Background technology
Photomap is a kind of map that has the ground remote sensing image, utilize airphoto or satellite remote-sensing image mostly, by geometric correction, projective transformation and engineer's scale naturalization, use certain map symbol, annotation, directly reflect the map of map subject geographic entity and space distribution.In today of digital informationization, digitized geography information has become city and even whole country requisite supporting condition in macro-level policy-making and planning management.
The digital orthoimage technology has been utilized technology such as Computer Image Processing, pattern-recognition; objectively respond face of land present situation by influence true to nature, abundant colors; characteristics such as draw with traditional photomap and line that map has compared that abundant information, atural object are directly perceived, high efficiency, drafting period are short, detect in flood detections, river transition, damage caused by a drought, agricultural the yield by estimation, the soil covers utilizes monitoring resource, desertification watch, forest monitoring with the soil, the shore line is protected and biological variation monitoring on many application are arranged.

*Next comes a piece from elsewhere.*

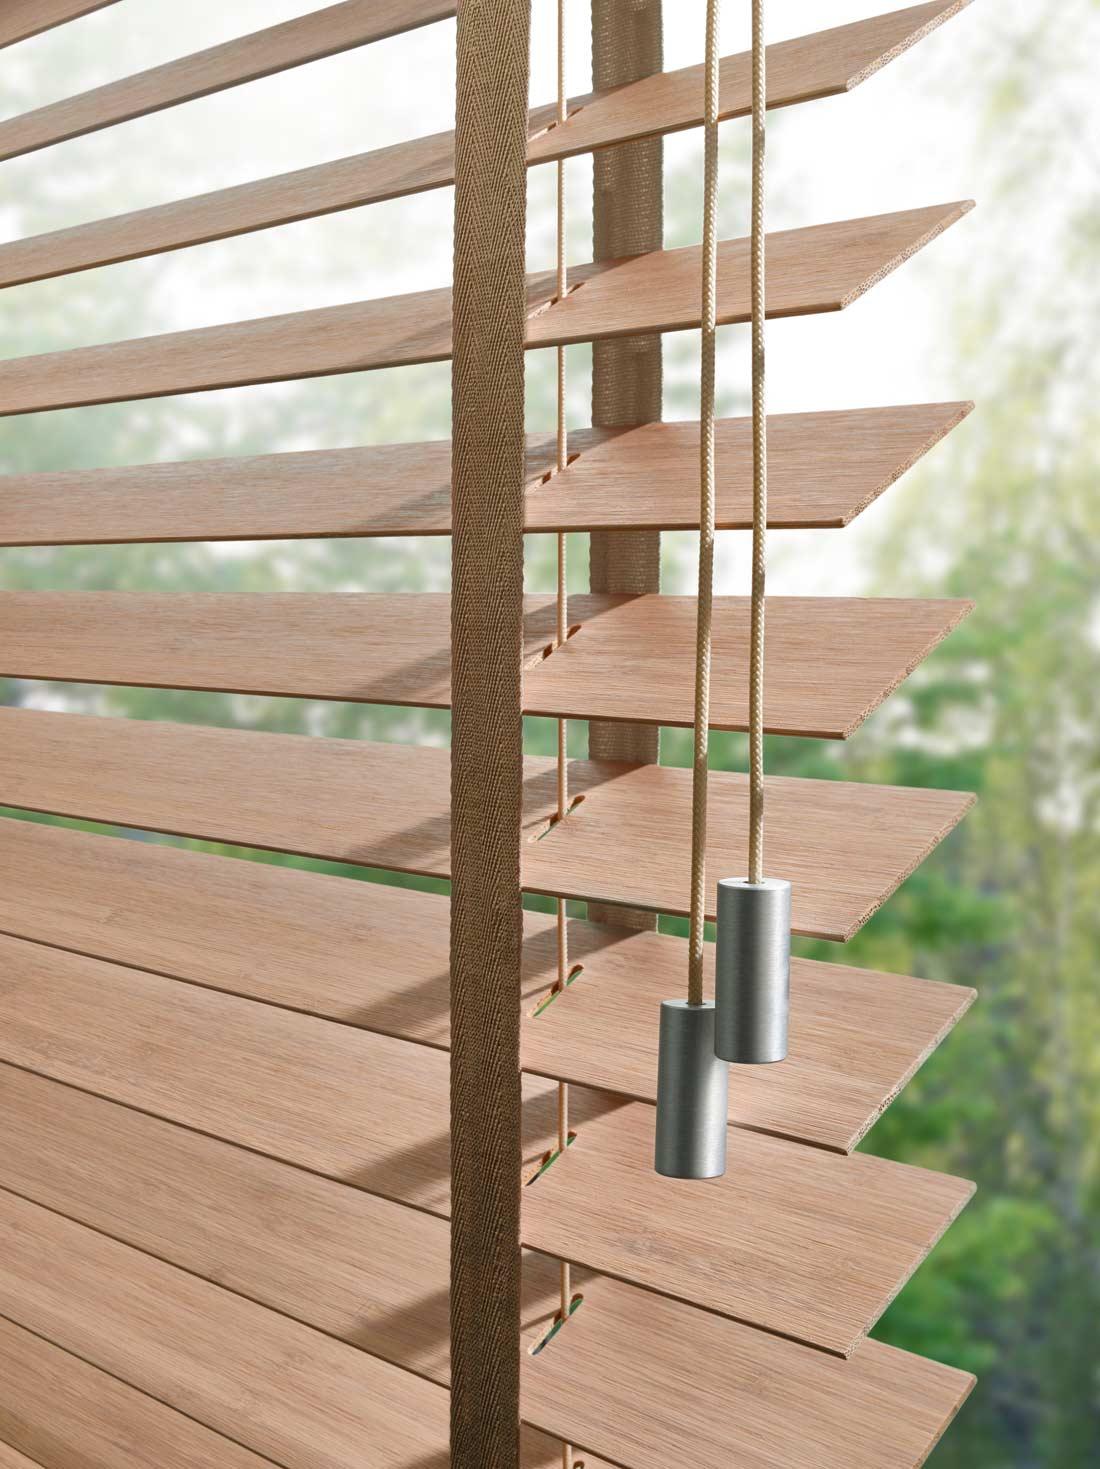 Tende veneziane in legno sintesi tende - Tende veneziane in legno ikea ...

Find from the retrieval of prior art document: at present along with the development of the rise of intelligent transportation notion and GPS navigation of future generation system, GPS map datum producer and the more comprehensive Traffic Information of its terminal user needs.Nowadays known digital orthoimage map mainly is to adopt aerophotograph or adopt the high resolution ratio satellite remote-sensing view data to obtain cartographic information.Though they can represent the situation of urban road for people.But there are the following problems:
1. freshness is low: because the ground clearance of aviation and satellite is far away excessively, make traditional photomap can't differentiate in the road such as marks such as walkway, turning mark, guardrails.
2. cost height: satellite and space equipment cost are too high, are not easy to the development and the popularization of digitized video map.
3. be difficult for obtaining: relate to many restrictions such as public safety, national defence because satellite and space flight are taken, make that obtaining of digitized video map is very difficult, be difficult to civil nature.
Summary of the invention
The objective of the invention is to overcome the prior art above shortcomings, a kind of manufacturing system of road digital orthophotomap is provided.The present invention has solved the problem that original technology is expensive, hang down freshness, be difficult for obtaining, thereby has made the road image map that more wide applications arranged by with the carrier of car as map data collecting.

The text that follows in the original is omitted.